Obviously you mean the Linux kernel, specifically. Also C++ has gotten a lot better since 2003 and before.

Examples of C++ usage in commercial codebases:

- anything Nintendo has written since 2010 (including microkernel, entire OS and all, for 3DS and Switch 1/2)

- well-known, high performing databases like ScyllaDB

> you just have to be careful about allocations as C++ makes it way easier to accidentally allocate than C does.

With the exception of exceptions (and coroutines but that's easily customizable), it's merely a standard library thing and doesn't affect language features (incl. language features exposed as std:: funcs/traits)

C++ has got a bad rep because it never fixes broken stdlib parts due to API and ABI concerns, and has many footguns due to this, that might make Rust and C better choices in corporate environments. However, IMHO, C++ is a much better language than C for personal projects, or when having a team of experienced folks.

reply
gpderetta
12 hours ago
[-]
> Any established C codebase

Anecdotally, GCC and GDB successfully (and incrementally) switched to C++ form C in the recent past.

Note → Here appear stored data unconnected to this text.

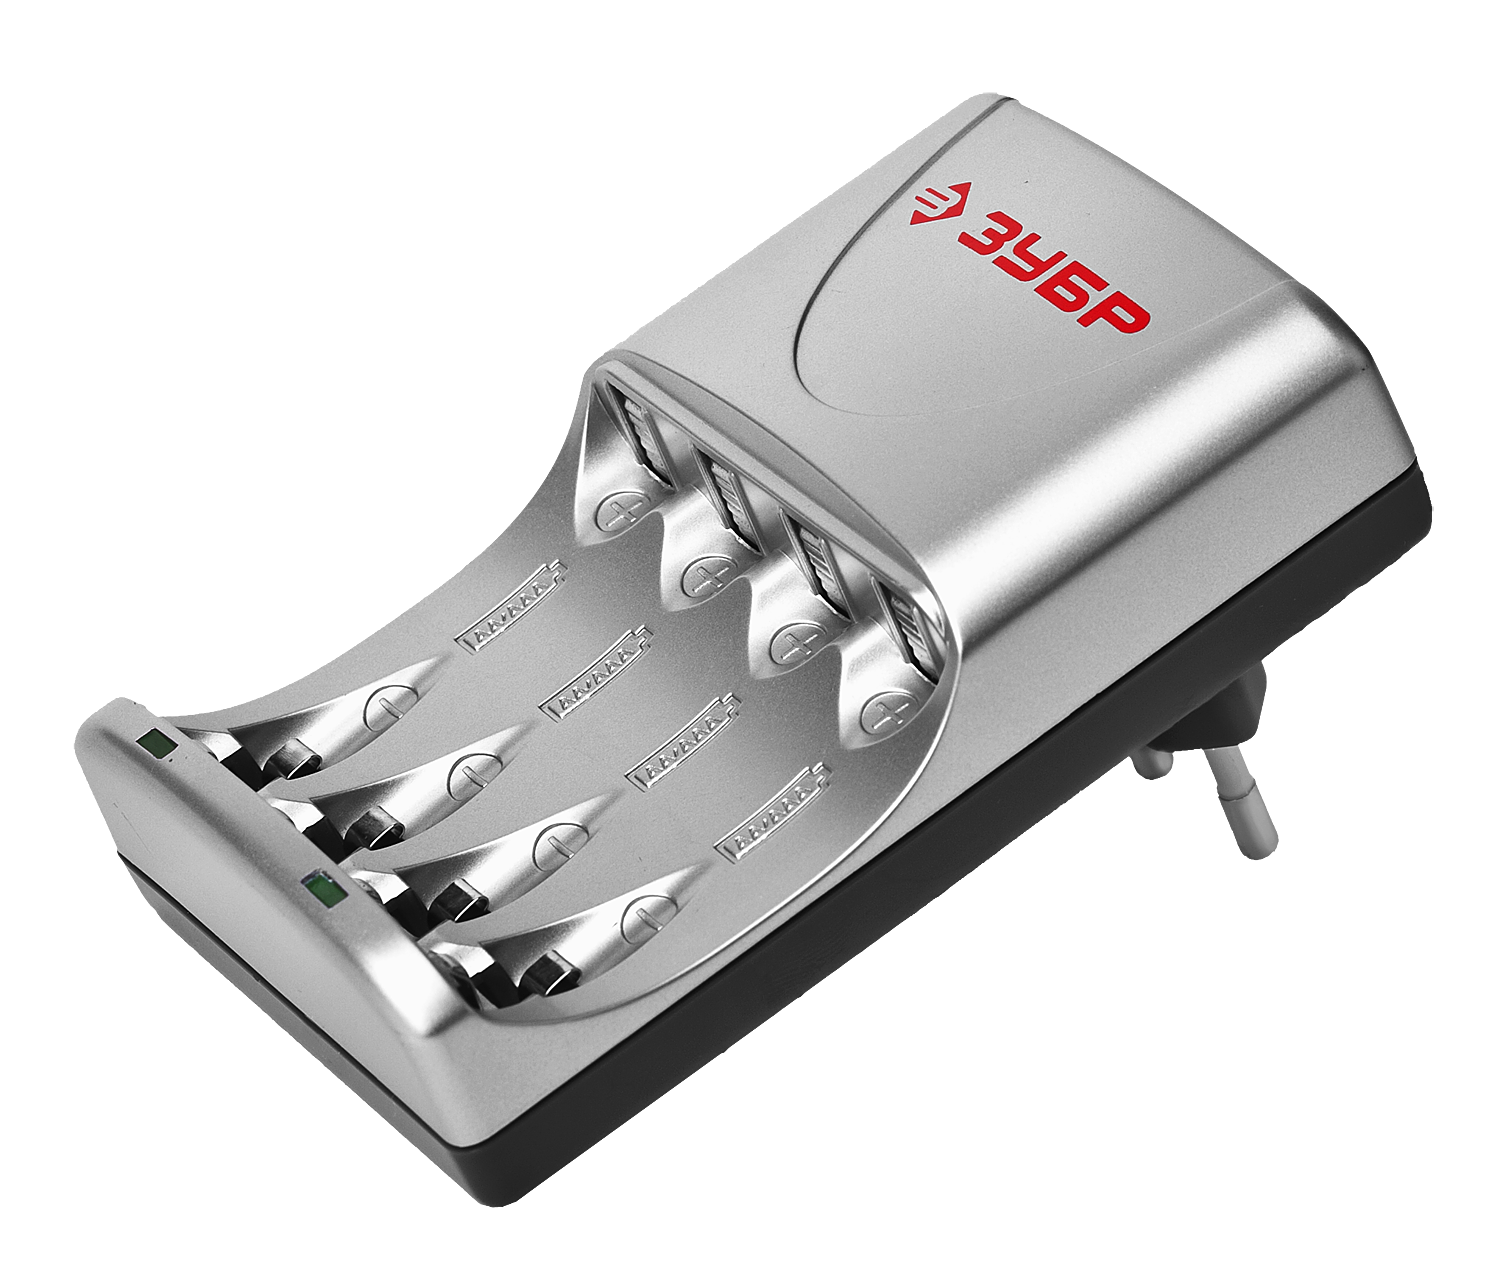 Зарядное устройство ЗУБР для никель-металлгидридных аккумуляторов, в блистере, время зарядки 1 час, 2хААА/АА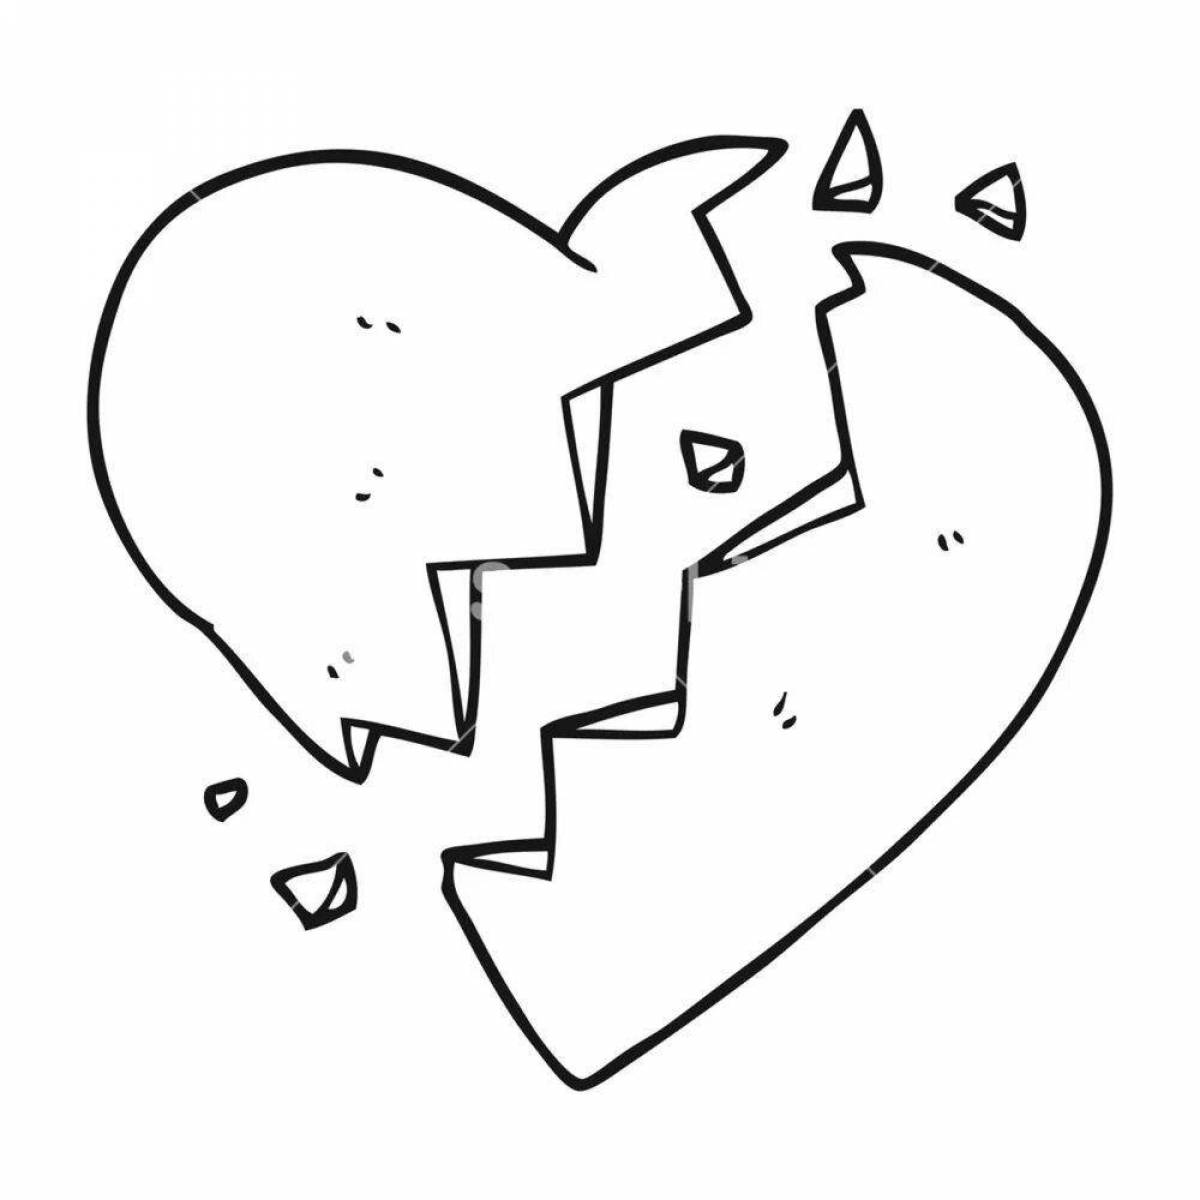 Bright broken heart coloring page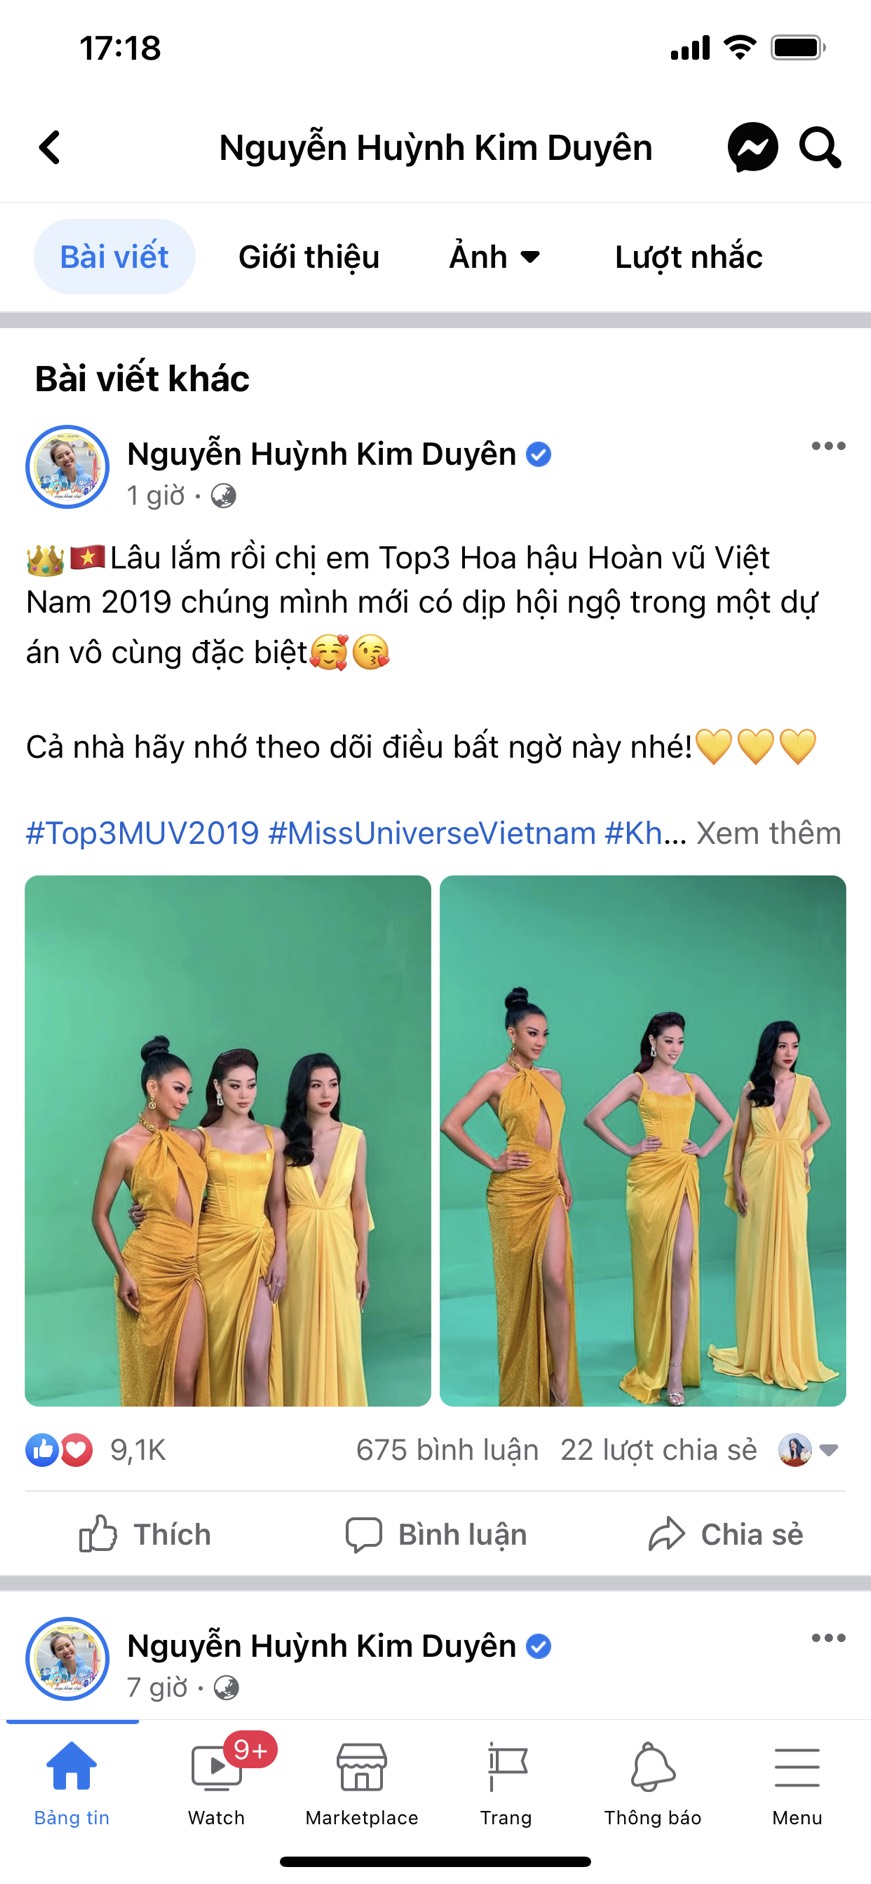 Bài đăng mới đây của Á hậu Kim Duyên trong hoạt động mới của top 3 Hoa hậu Hoàn vũ Việt Nam 2019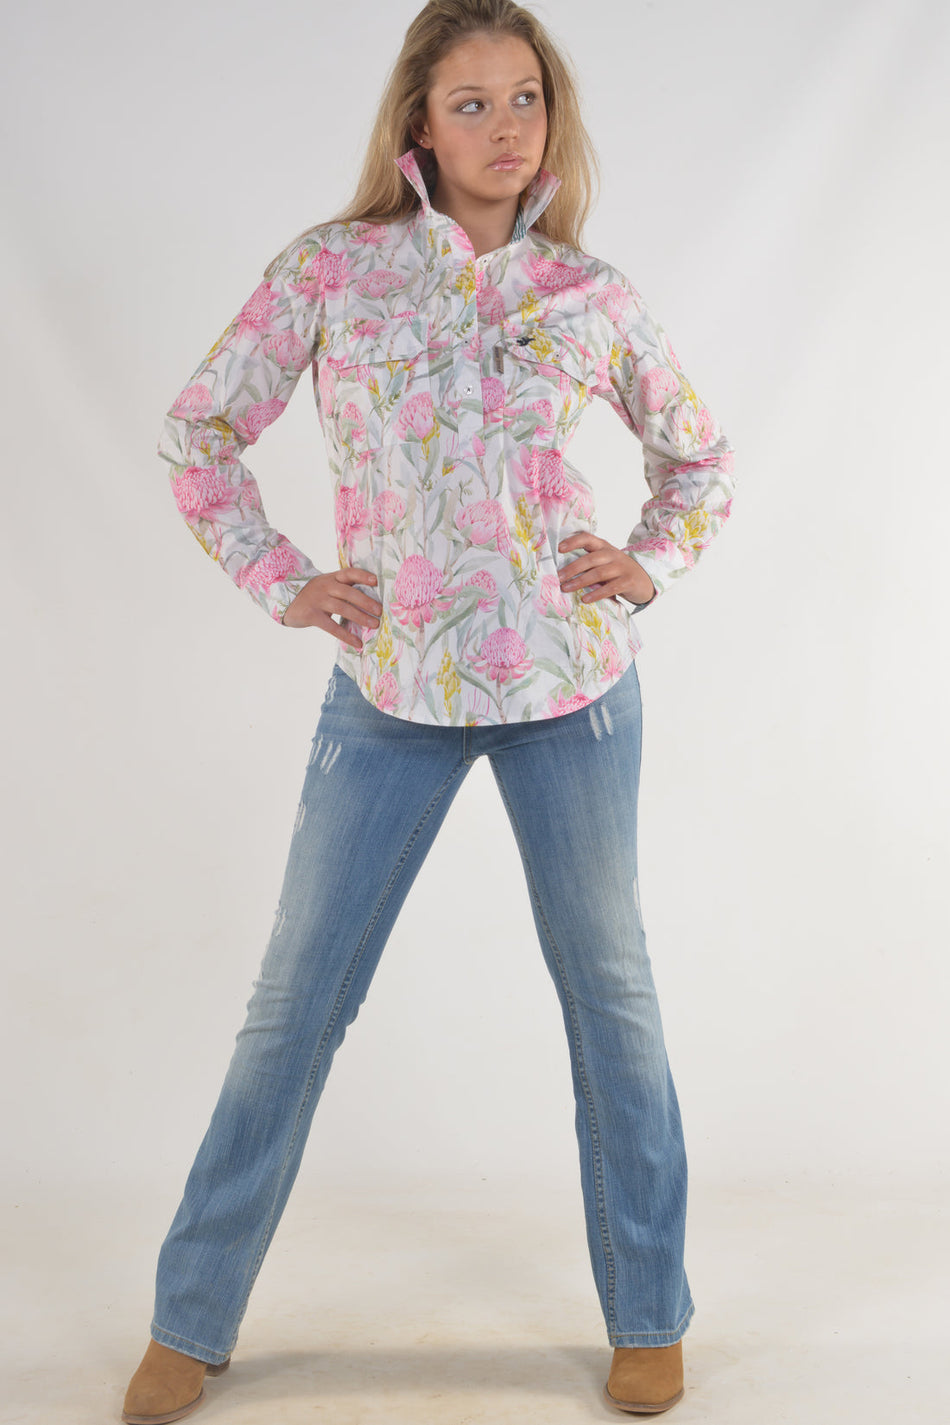 Bullrush - Ladies Protea Shirt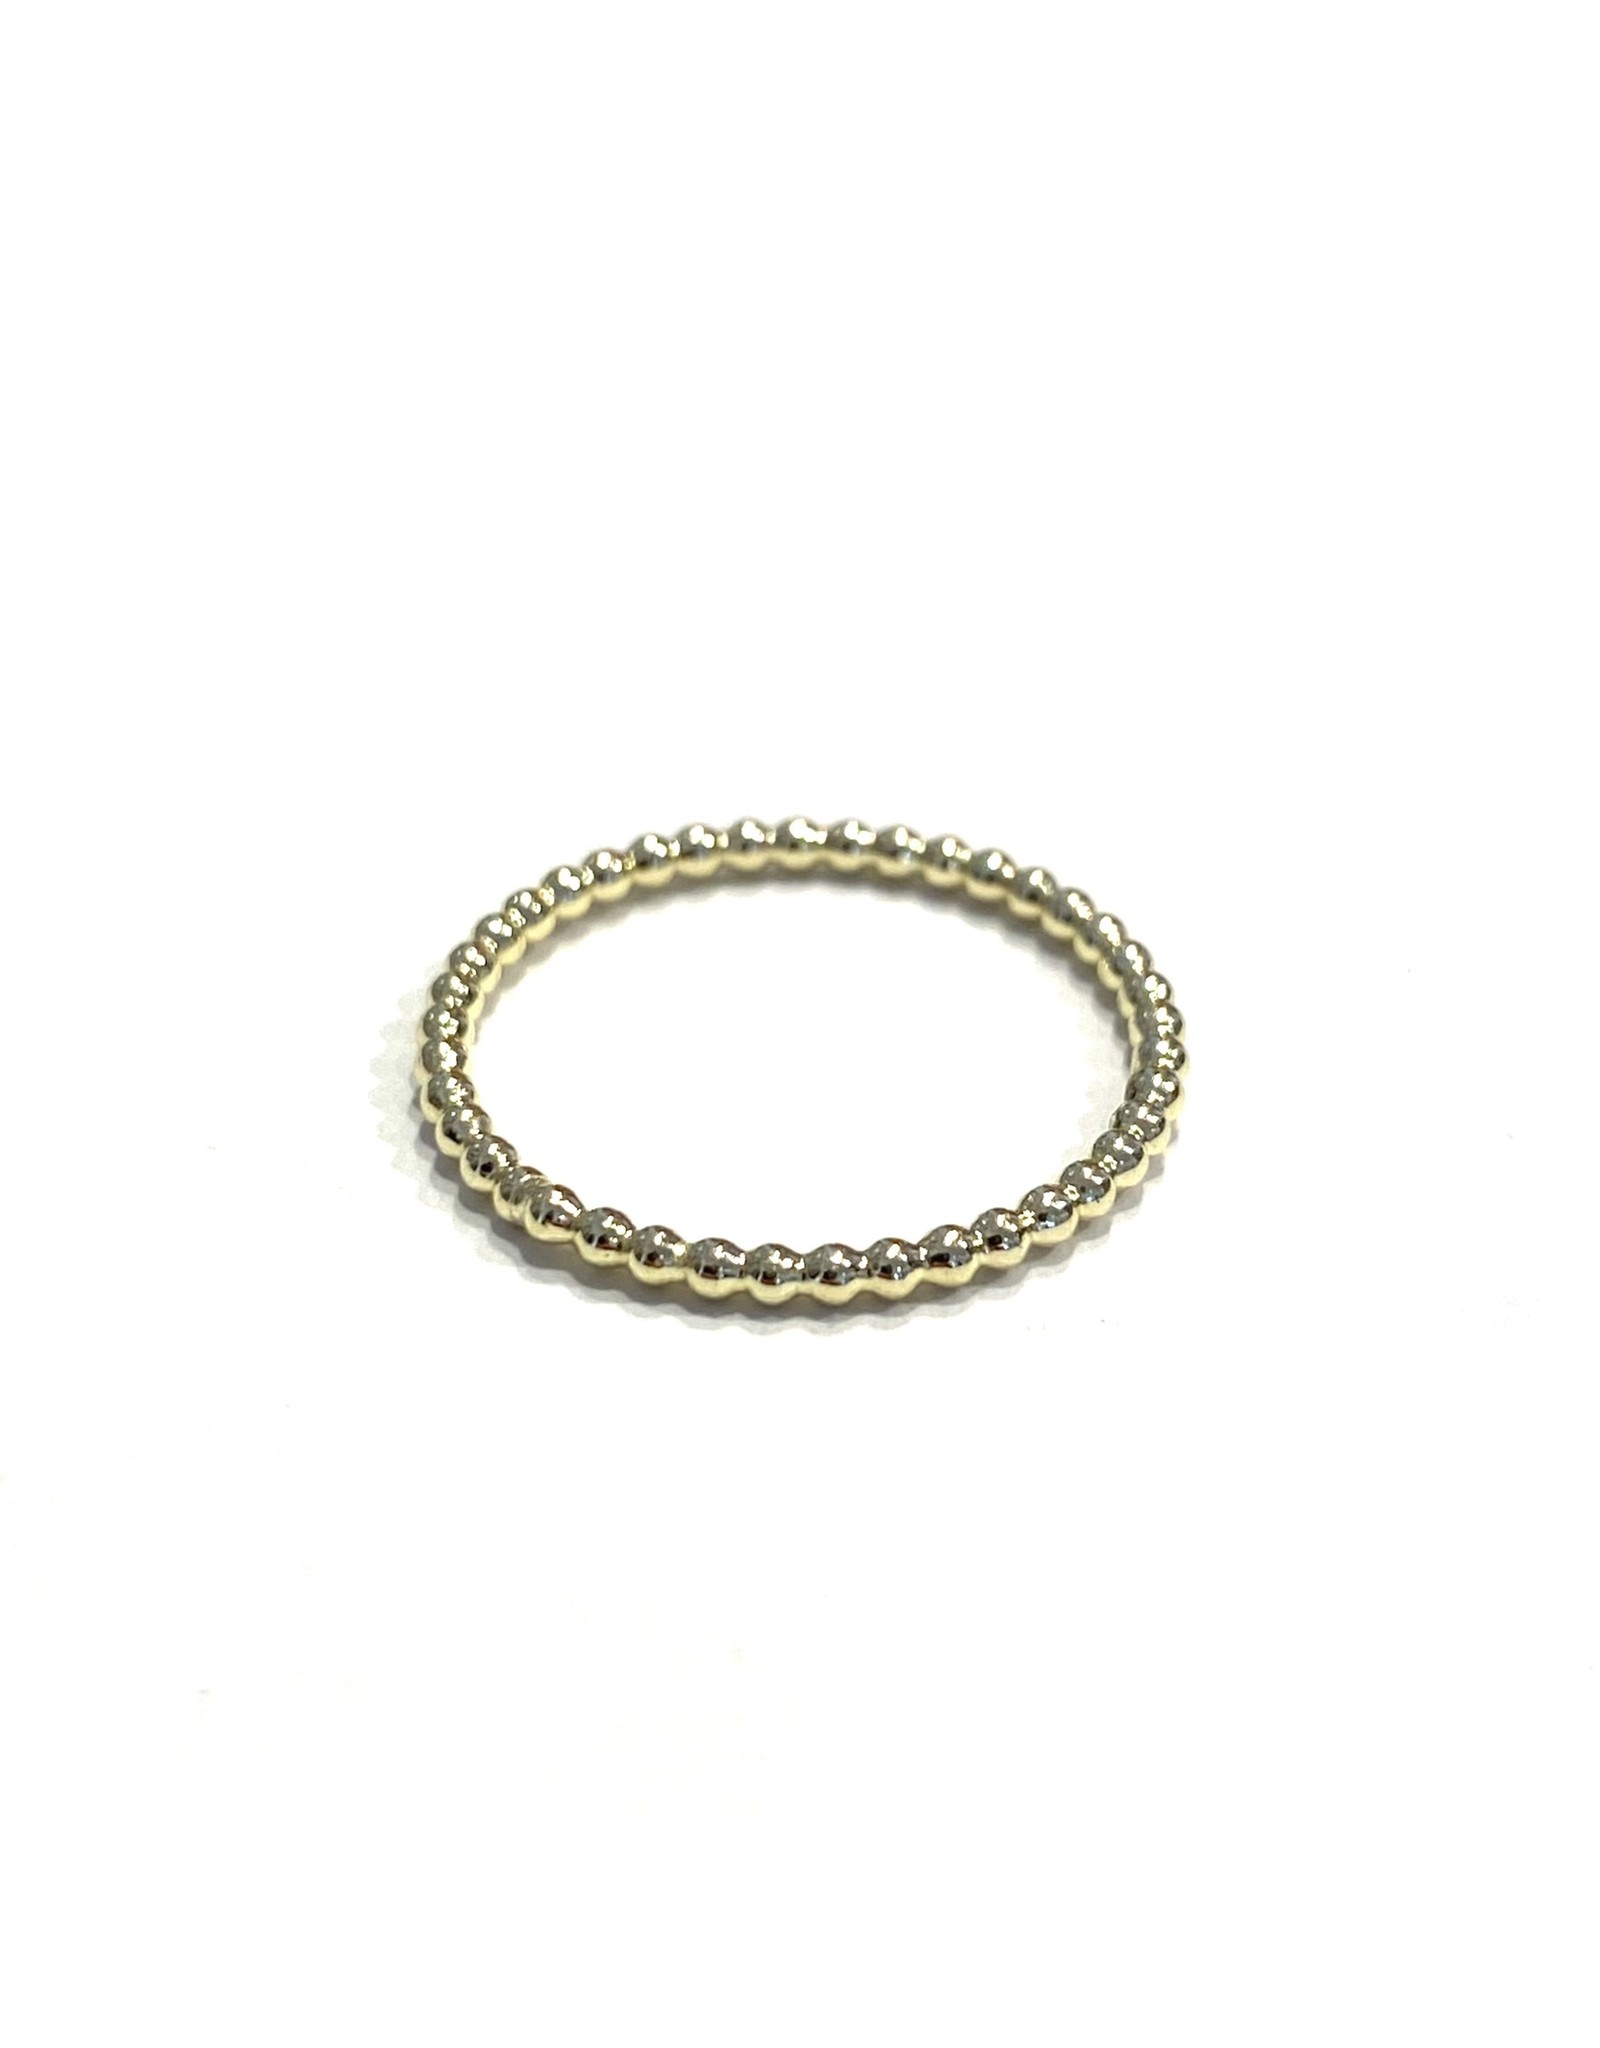 Bo Gold Ring - Goud

The Linux kernel will never do it for ideological reasons of course.

I don't know about Postgres.

reply
cryptonector
7 hours ago
[-]
> > Any established C codebase, for example the kernel or Postgres?

> Obviously you mean the Linux kernel, specifically.

Or any BSD, or Illumos, or Solaris, or any Unix-derived kernel, or... Even the Windows kernel is in C (or a very cut-down C++).

reply
charcircuit
19 hours ago
[-]
Nothing is stopping you from linking C++ code to Postgres.
reply
cryptonector
7 hours ago
[-]
But if you want to _contribute_ to PostgreSQL, it has to be in C.
reply
neonz80
1 day ago
[-]
I'm not sure about other compilers, but compiling C code as C++ with MSVC ends up with pretty much the exact same code, instruction by instruction. C++ is a bit more strict though especially with casting, so a lot of code won't compile out of the box.
reply
vbezhenar
1 day ago
[-]
C++ code compiles to a different function names in object file (name mangling). You probably need to put a lot of ugly `#ifdef __cplusplus extern "C" {` boilerplate in your headers, otherwise C and C++ files will not compile together.
reply
winocm
1 day ago
[-]
Don't forget the infamous pattern used in some C projects too:

  struct foo decl = {
    .member = /* ... */
    .next = &(struct nested_pointer) {
        .nested_member = /* ... */,
    },
    .array = (struct nested_array[]) {
      [0] = { /* ... */ },
    }
  };
This pattern does not work in C++ as the nested declarations become temporaries.
reply
_proofs
1 day ago
[-]
literally a good majority of existing embedded software coupled to applications in safety -- devices used by fire safety and first responders.
reply
rectang
1 day ago
[-]
Writing extensions for projects that support C extensions but may not support C++ extensions, e.g. many dynamic languages.
reply
Snarwin
1 day ago
[-]
You can still write the extension in C++ and expose an extern "C" interface.
reply
rectang
1 day ago
[-]
That's possible, but then the people building your extension need a C++ toolchain.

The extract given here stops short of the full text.